**Aim of the task**
Please write out only the lines from the line with "Individuelles viertüriges Sideboard, hergestellt" to the line with "Diese hochwertigen, handgefertigten", inclusive, exactly as they stand below, without the pictures.

**Material to process**
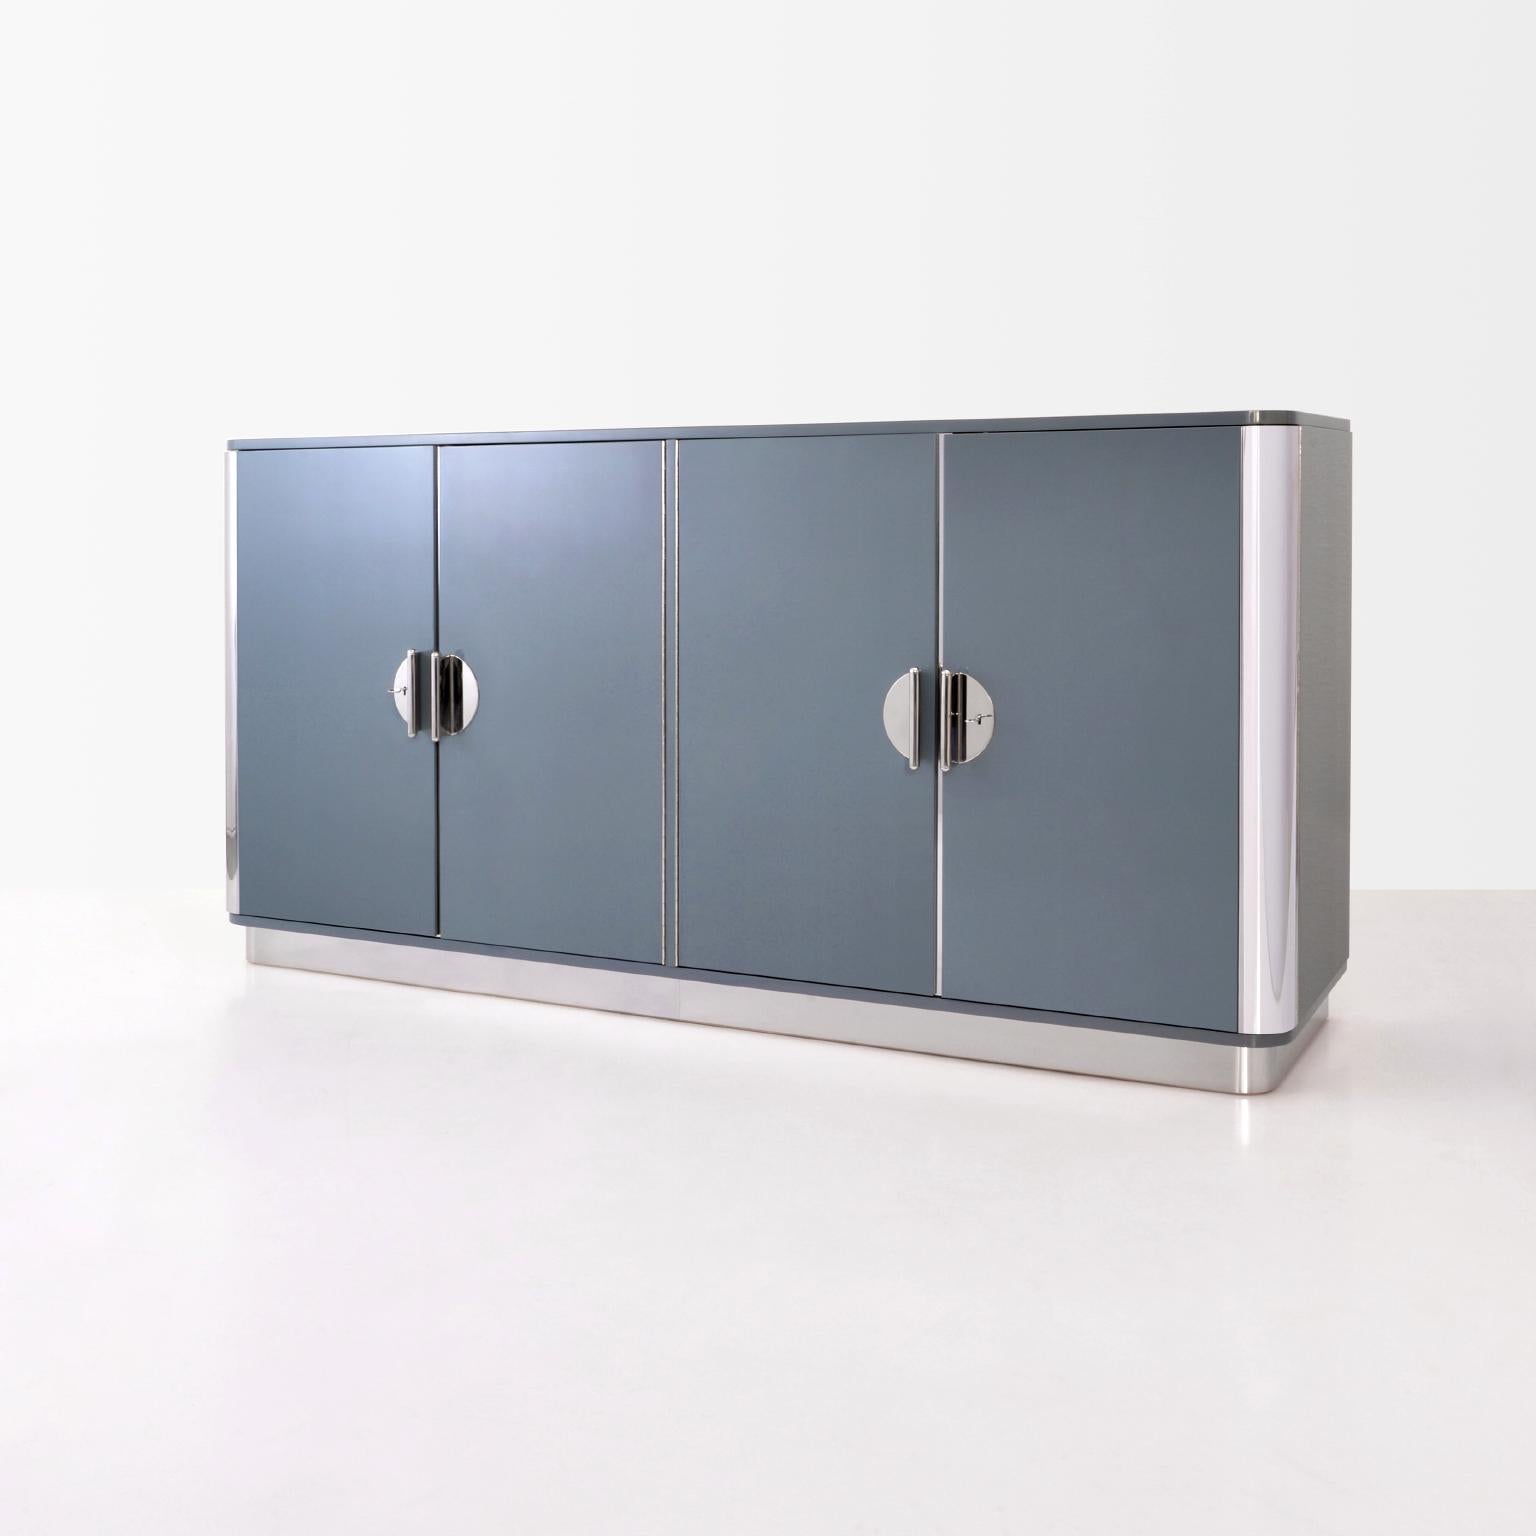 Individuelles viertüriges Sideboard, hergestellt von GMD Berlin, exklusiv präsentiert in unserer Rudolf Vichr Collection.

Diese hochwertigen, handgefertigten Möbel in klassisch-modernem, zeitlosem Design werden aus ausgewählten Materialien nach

* * *

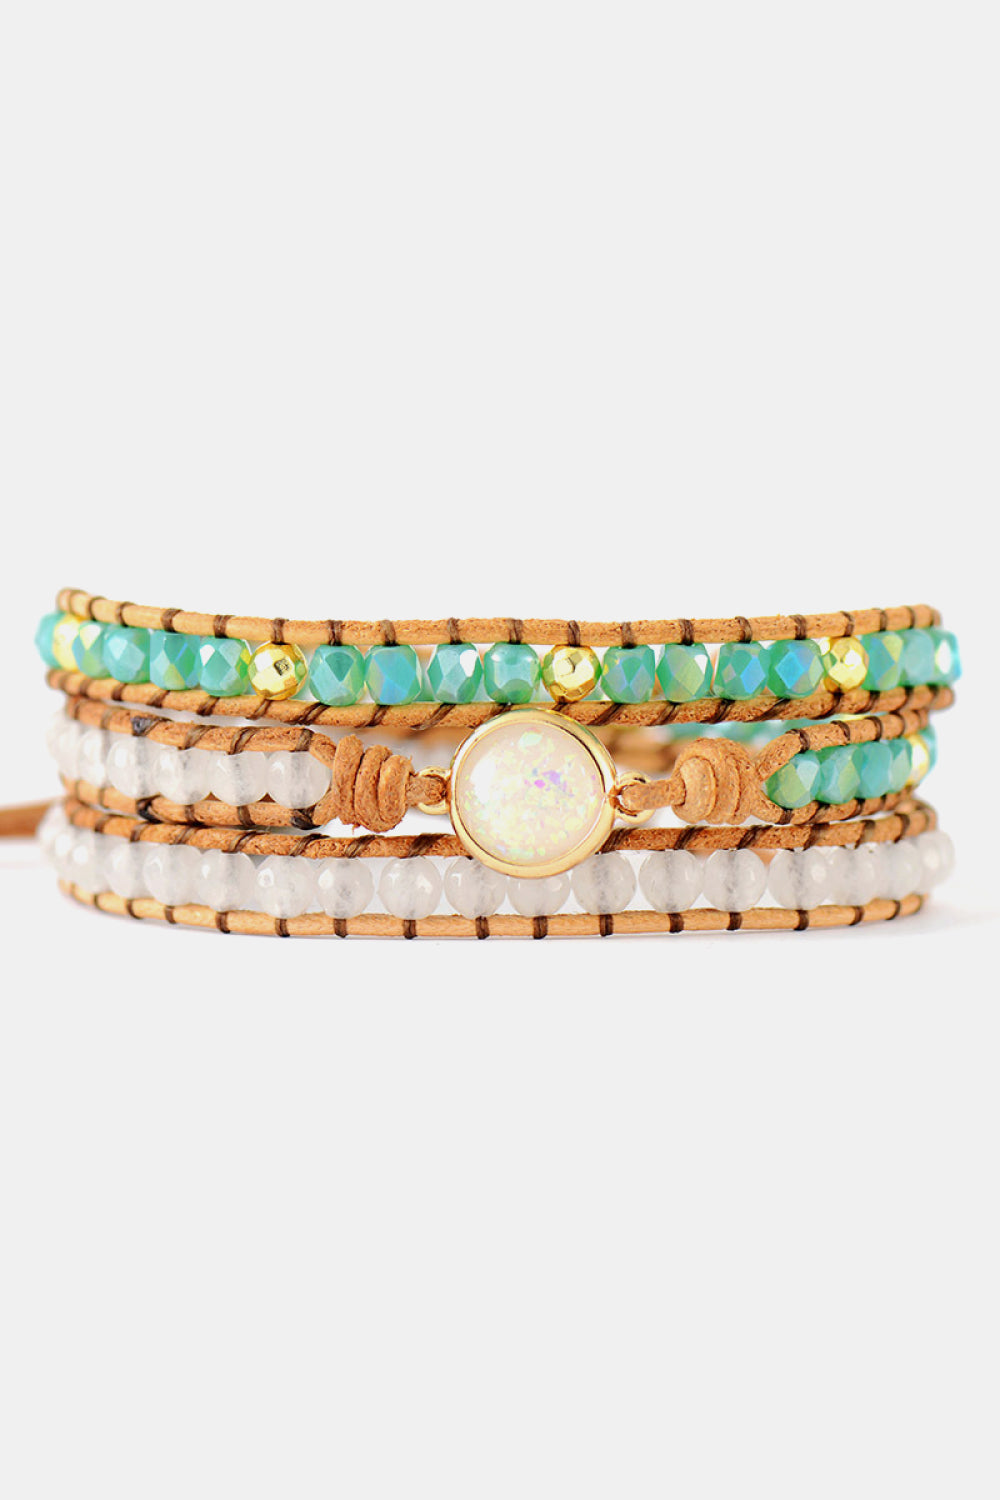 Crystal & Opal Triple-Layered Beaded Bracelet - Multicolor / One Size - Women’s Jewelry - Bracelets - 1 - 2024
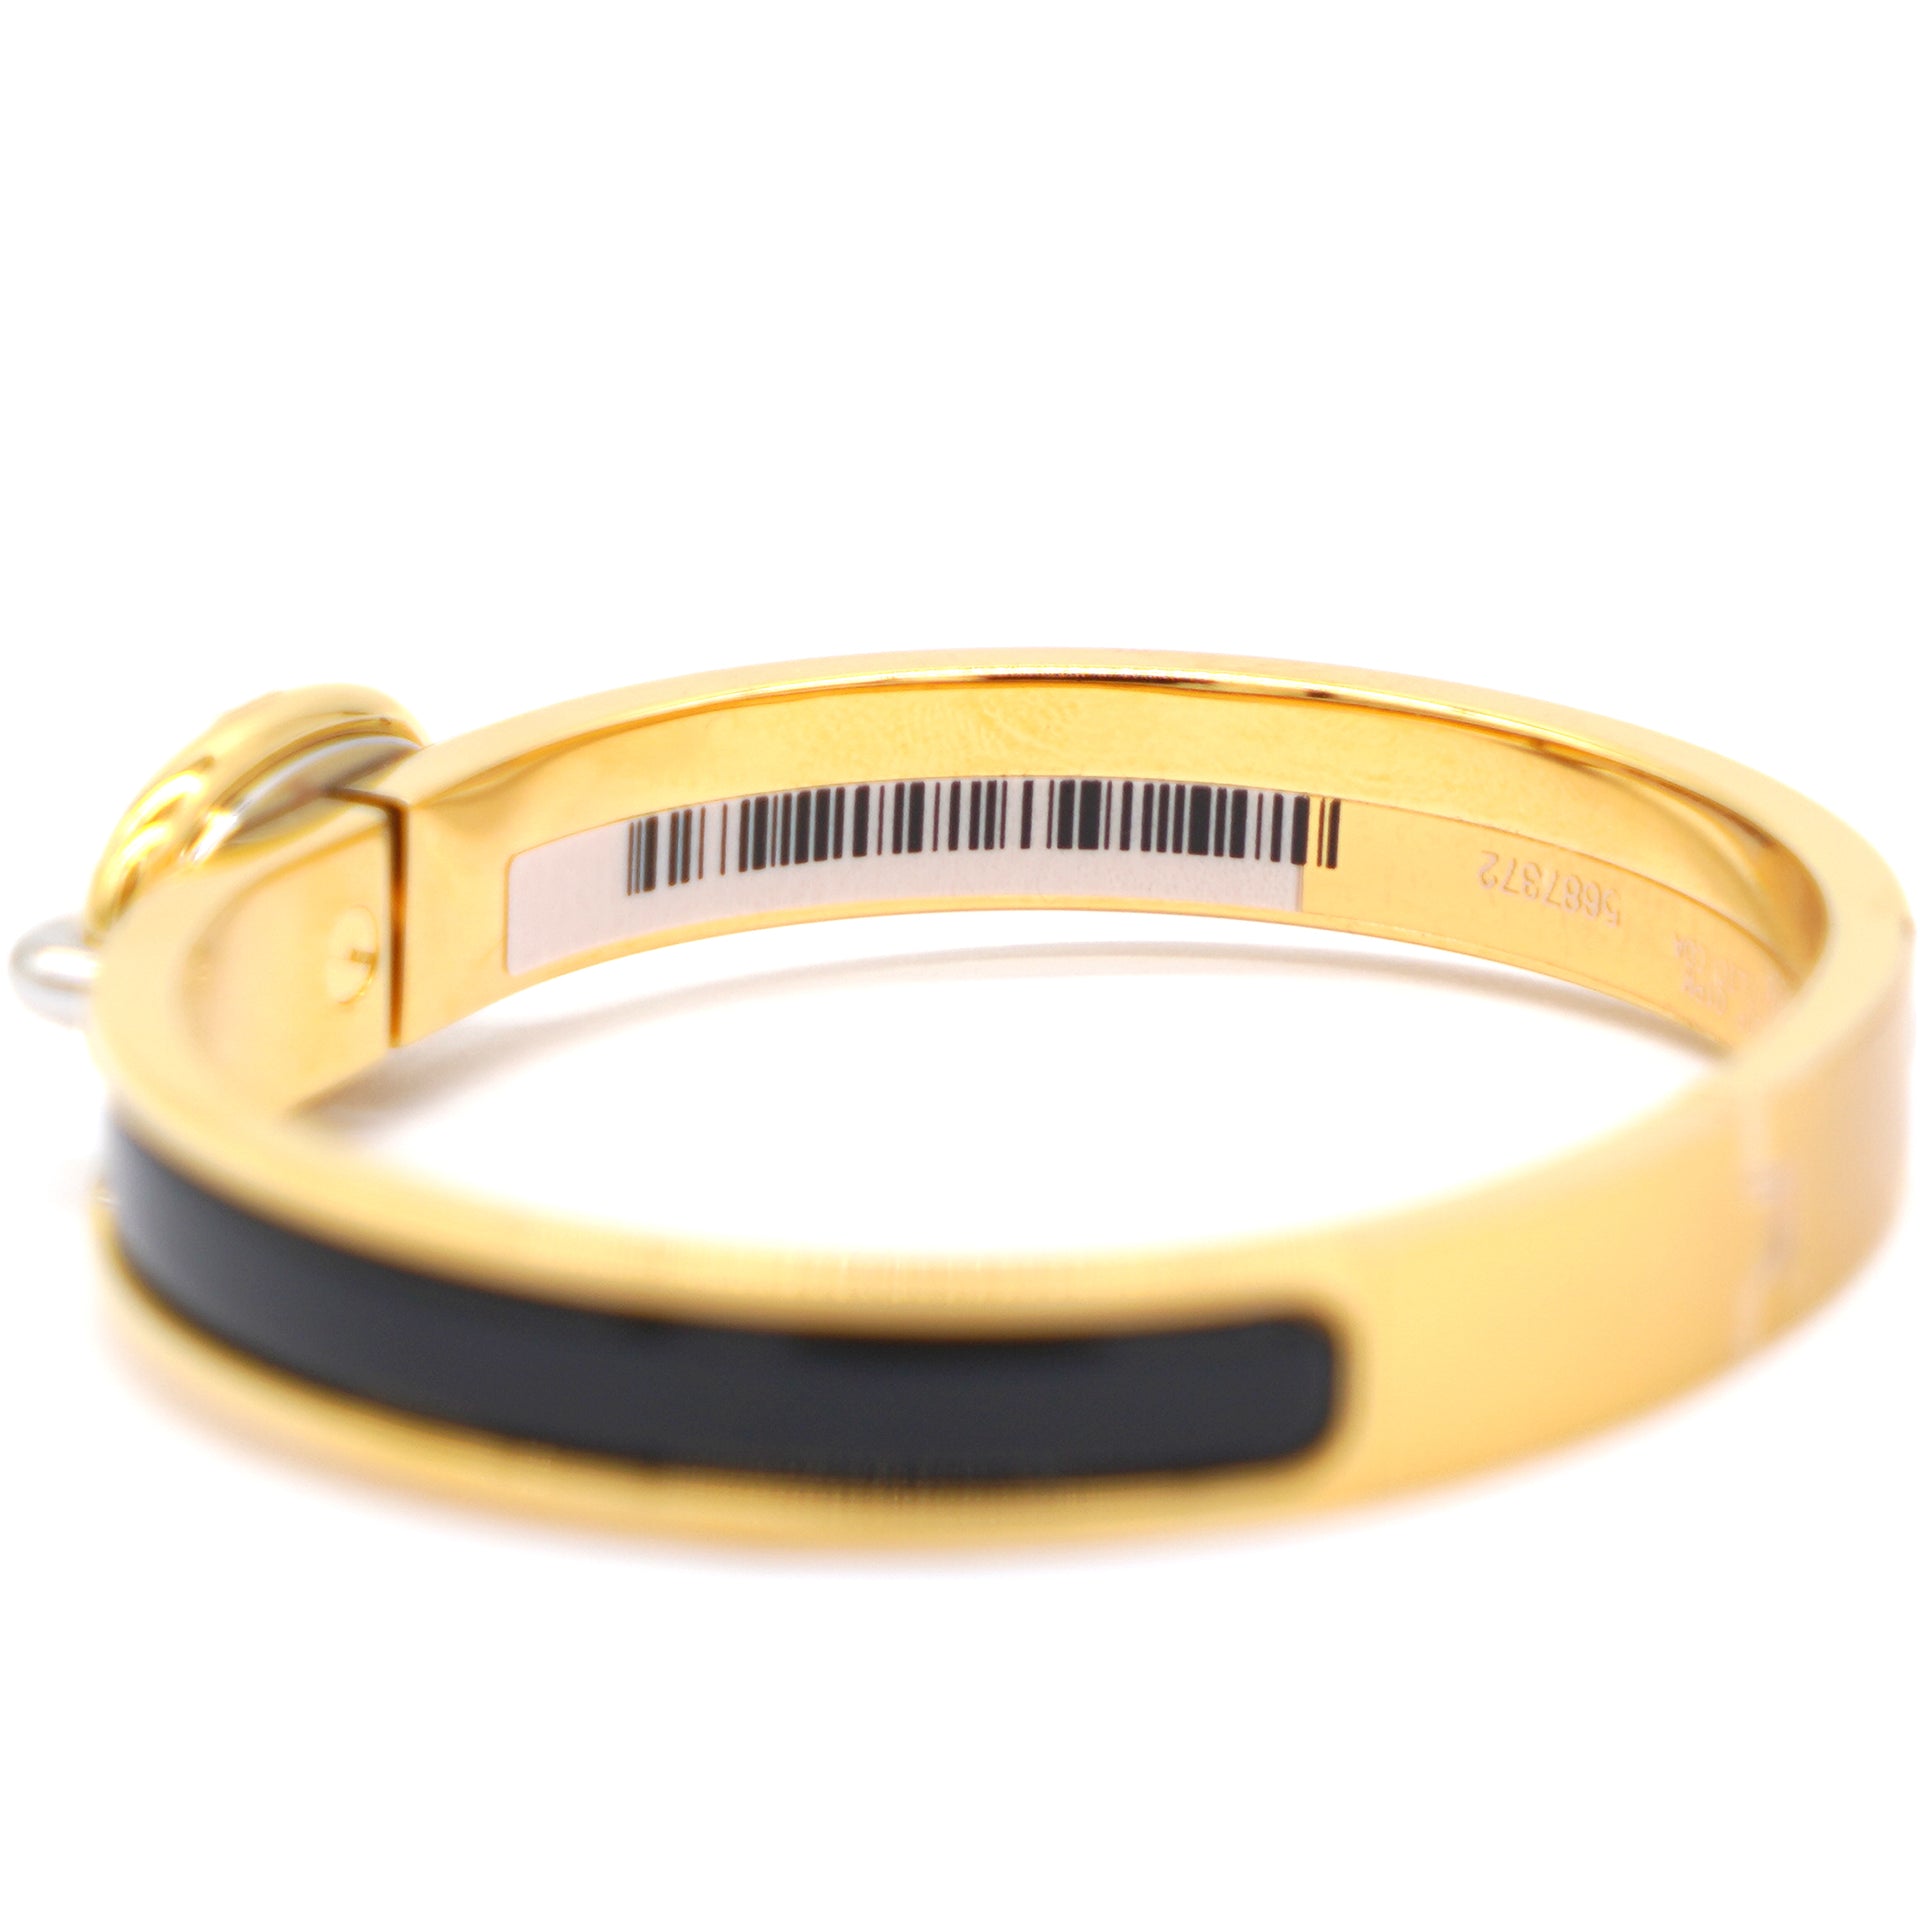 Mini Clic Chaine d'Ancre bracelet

* * *

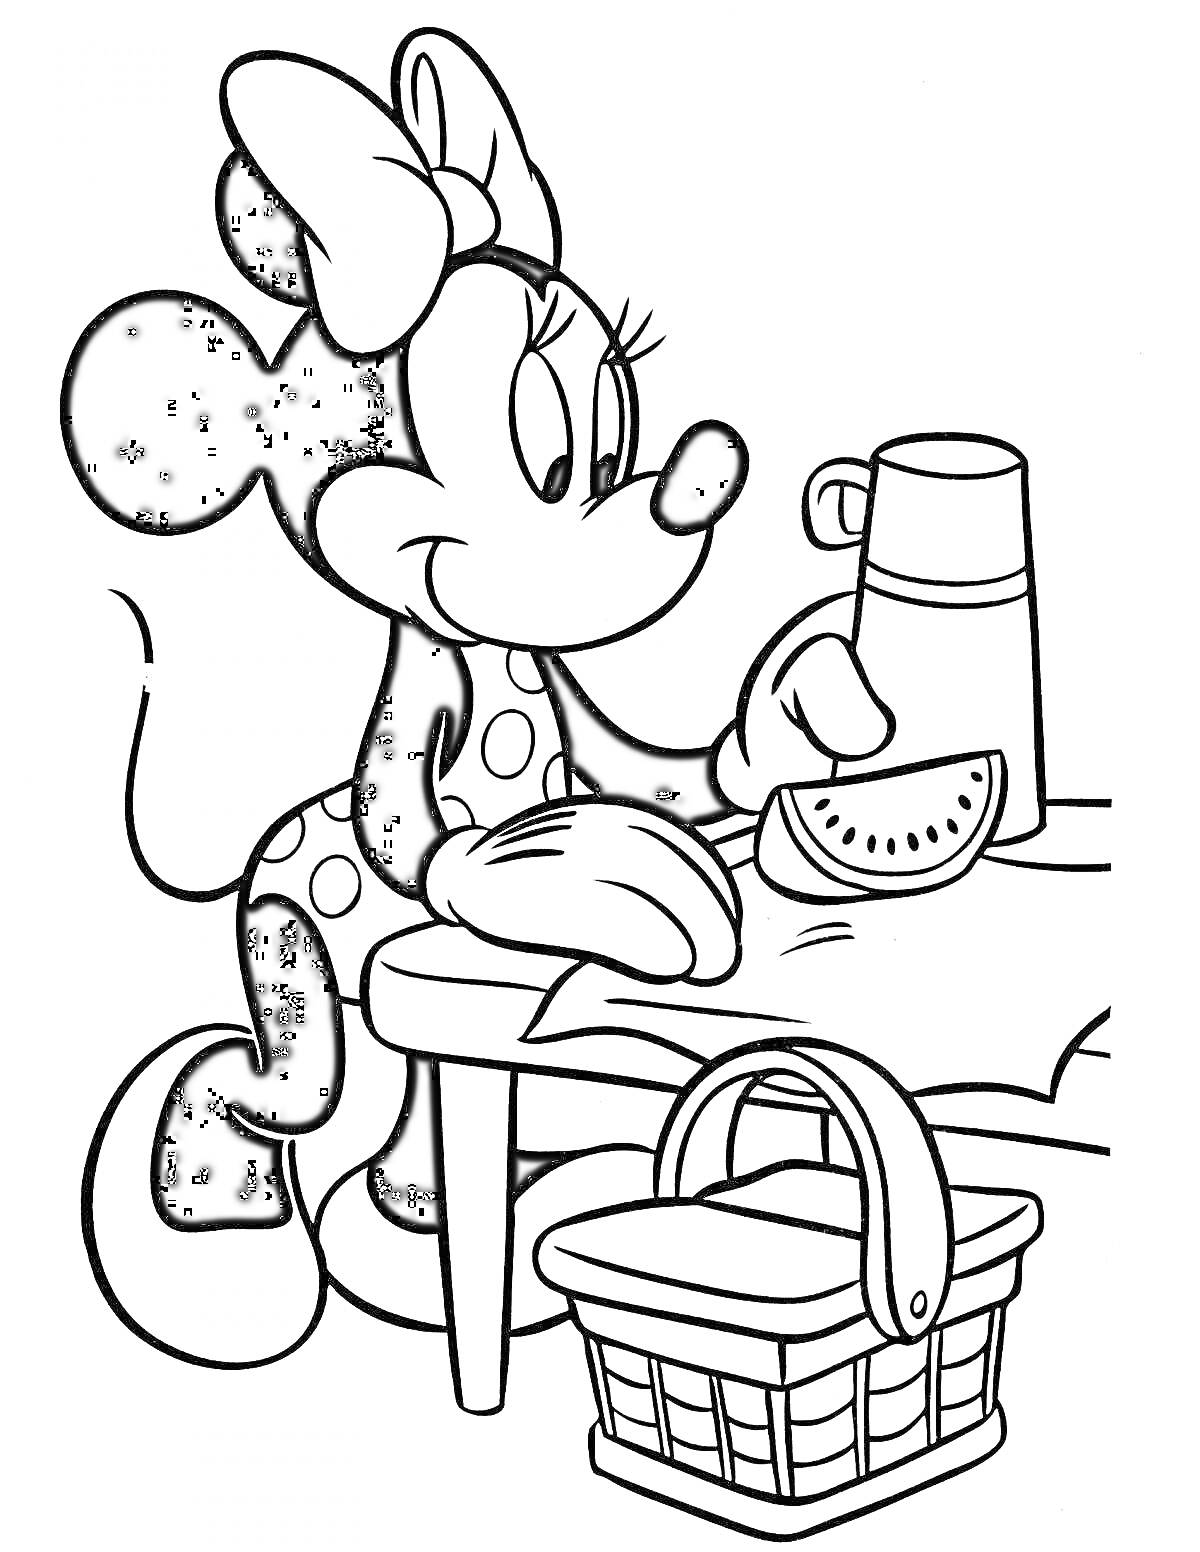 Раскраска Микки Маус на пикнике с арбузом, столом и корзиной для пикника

**Your response**
 Individuelles viertüriges Sideboard, hergestellt von GMD Berlin, exklusiv präsentiert in unserer Rudolf Vichr Collection.

Diese hochwertigen, handgefertigten Möbel in klassisch-modernem, zeitlosem Design werden aus ausgewählten Materialien nach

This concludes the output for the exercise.